Rhadoop is an open source project initiated by Revolution Analytics, which combines statistical language R with Hadoop. Currently, the project consists of three R packages, the RMR that support the use of R to write MapReduce applications , Rhdfs for the R language to access HDFs, and for R language Access The rhbase of HBase . Download URL for https://github.com/RevolutionAnalytics/RHadoop/wiki/Downloads.
Note: The following record is the summary after successful installation, the intermediate process description and resolution method may not be accurate (marked in red), for reference only. The server operating system is CentOS 5.6.

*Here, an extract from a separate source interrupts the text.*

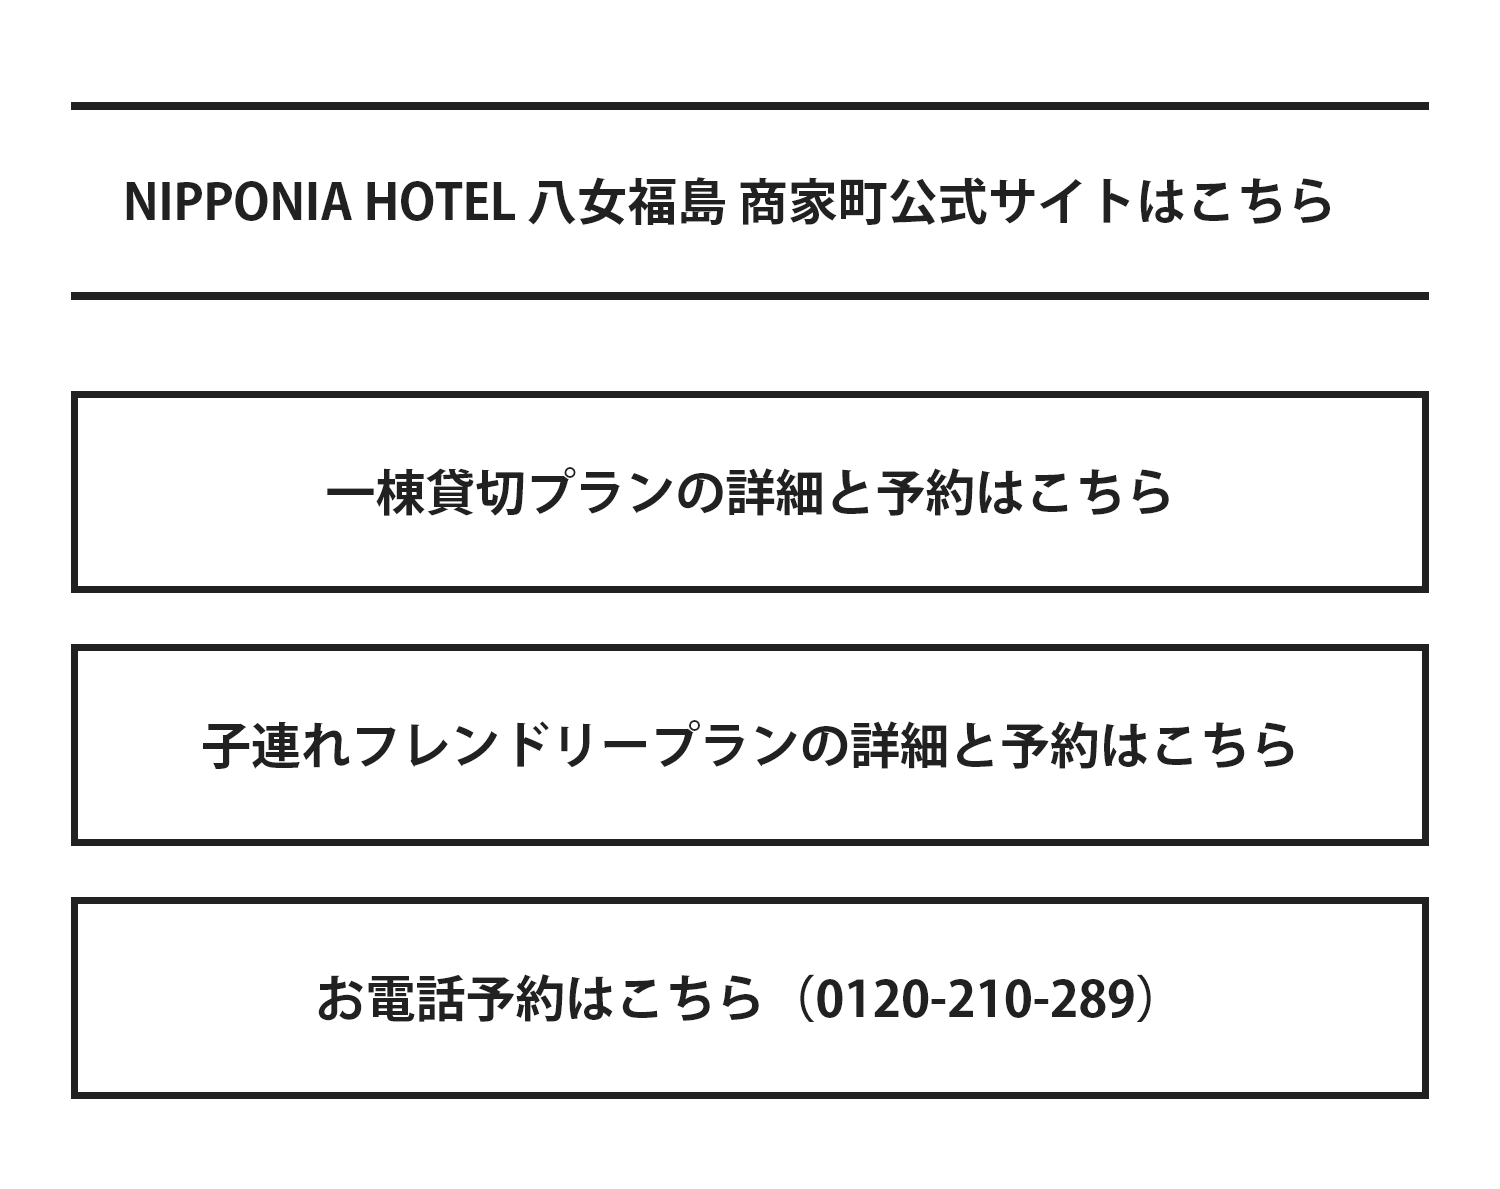 NIPPONIA HOTEL 八女福島 商家町 公式サイト・プラン詳細とご予約・お電話予約

First, the software version
R 2.13.1,hadoop cluster (CDH3),JDK1.6.
Second, the installation node
where rhbase and Rhdfs are installed on the namenode of the Hadoop cluster , and RMR need to be installed on each node of the cluster.
Third, installation
Due to network restrictions, you can only download the source files locally, and then install them through the shell command R-CMD install ' package_name '.

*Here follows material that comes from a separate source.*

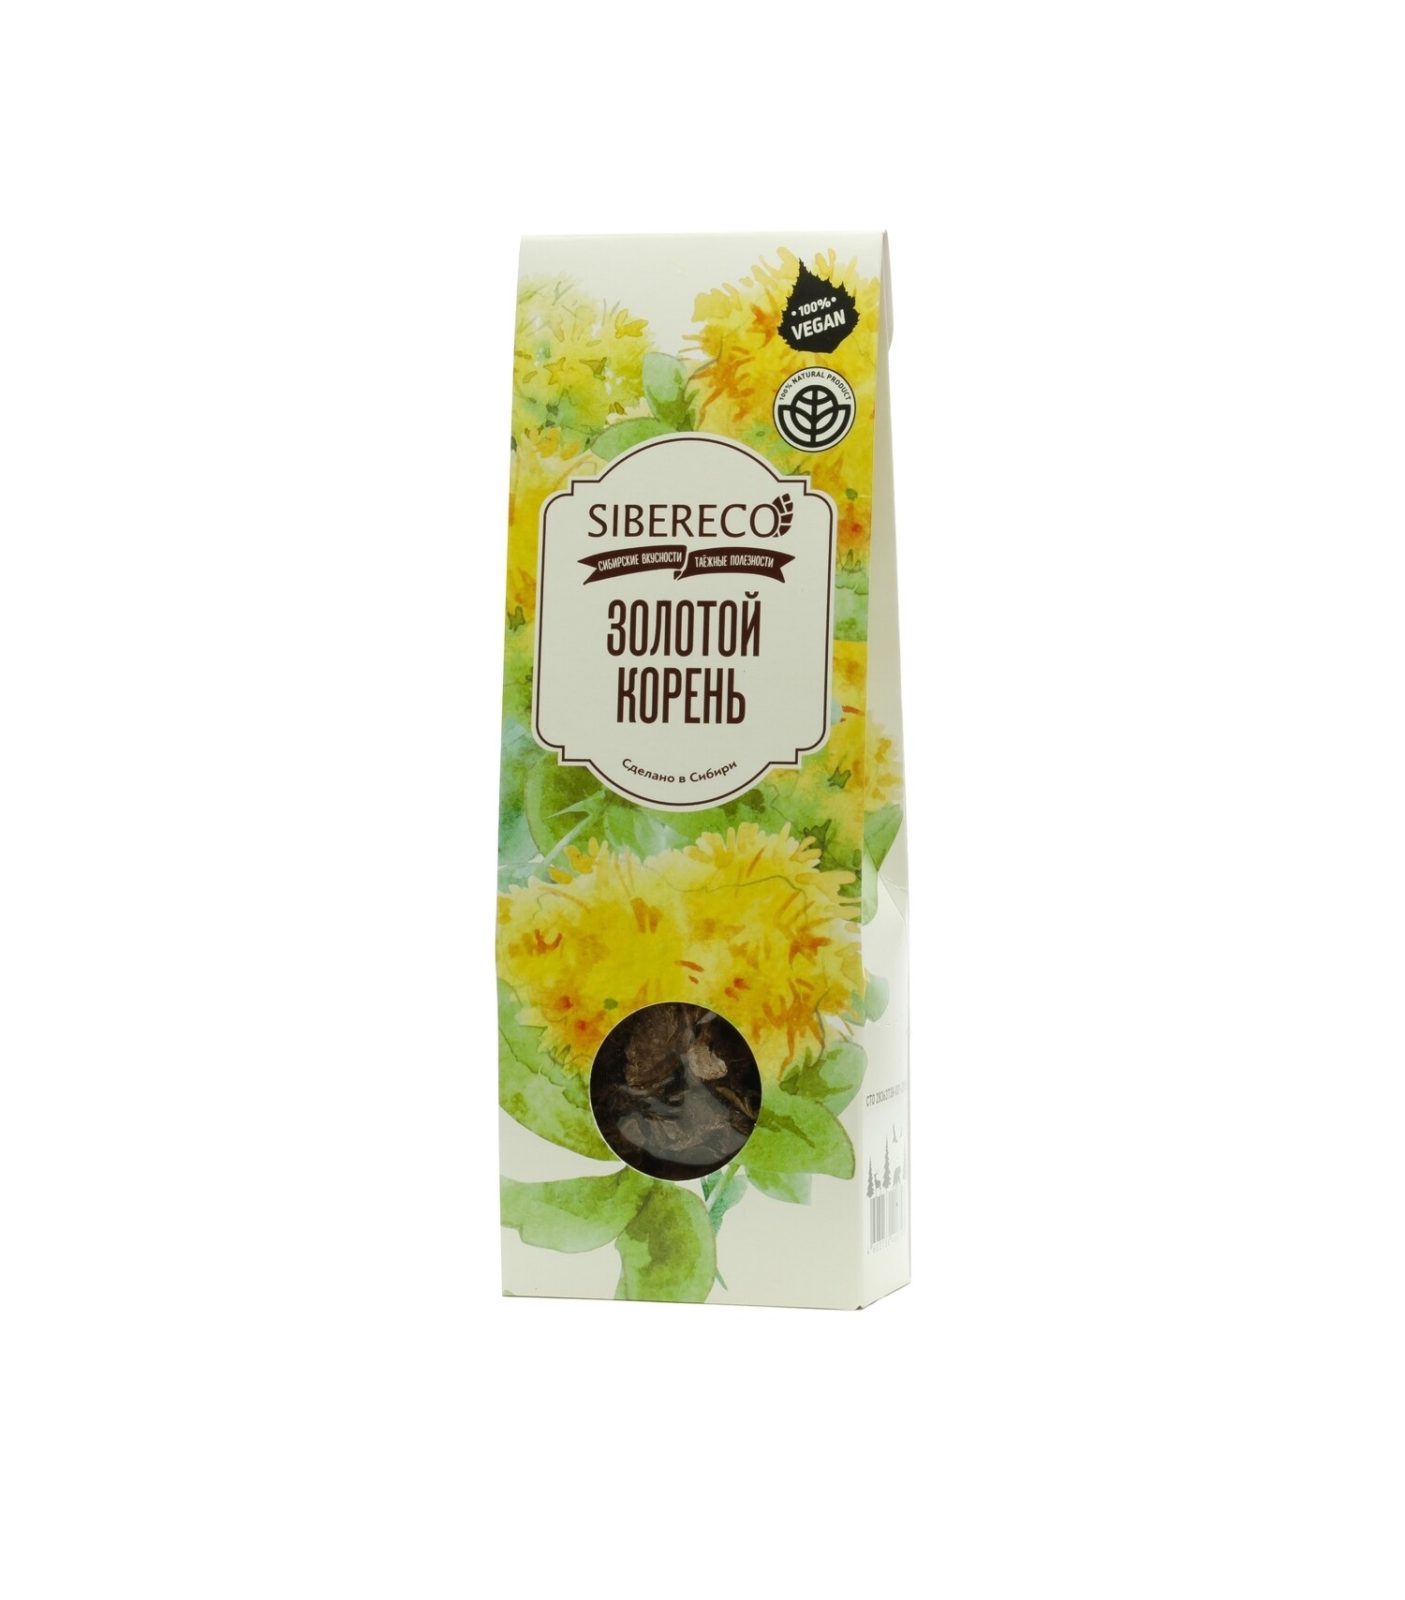 Напиток чайный из растительного сырья "Золотой корень" 30 гр коробка Sibereco

A) Install Rhdfs first. The package depends on the package Rjava. So you need to download the Rjava source code and install it first.
R CMD INSTALL ' rjava_0.9-3.tar.gz '
R CMD INSTALL ' rhdfs_1.0.1.tar.gz '
When you perform an installation Rjava, you may fail with the error message "checking whether JNI programs can be compiled ... configure:error:Cannot compile a simpl e JNI program. See Config.log for details. "This may be due to a version problem with the JDK and it is recommended that you install jdk1.6.

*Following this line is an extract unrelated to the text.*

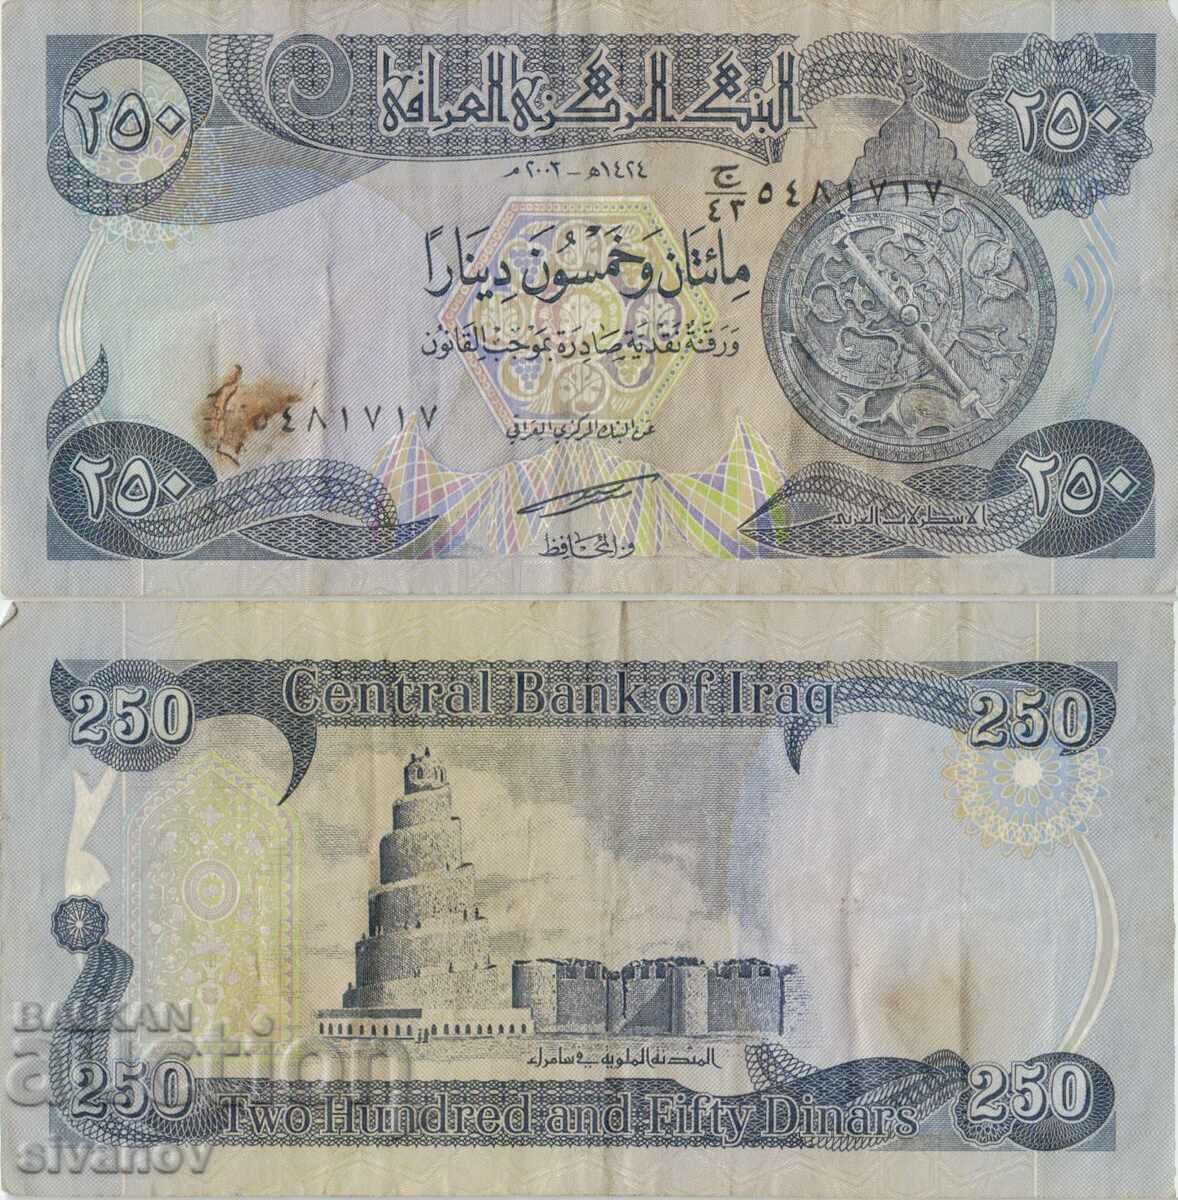 Iraq 250 dinars 2003 banknote #5123

b) Install the RMR. The package depends on the package Rjsonio, Itertools,Digest, and the package itertools is dependent on iterators.
R CMD INSTALL ' iterators_1.0.5.tar.gz '
R CMD INSTALL ' itertools_0.1-1.tar.gz '
R CMD INSTALL ' rjsonio_0.96-0.tar.gz '
R CMD INSTALL ' digest_0.5.1.tar.gz '
R CMD INSTALL ' rmr_1.1.tar.gz '
c) Install the rhbase (see https://github.com/RevolutionAnalytics/RHadoop/wiki/rhbase). Before installing rhbase, you will also need to install the Thrift Library, which is recommended to install Thrift 0.6.1, download URL is http://thrift.apache.org/. The detailed installation steps are as follows:
I. enter the shell command under the CentOS system sudo yum install automake Libtool Flex Bison pkgconfig gcc-c++ boost-devel Libevent-devel lib-devel python-devel ruby-devel, install some thrift related tools or libraries. Due to the problem of network connection, in the attempt is not fully installed, the personal feel there is no need to fully install, just guarantee g++ 3.3.5 or above,boost 1.33.1 or later.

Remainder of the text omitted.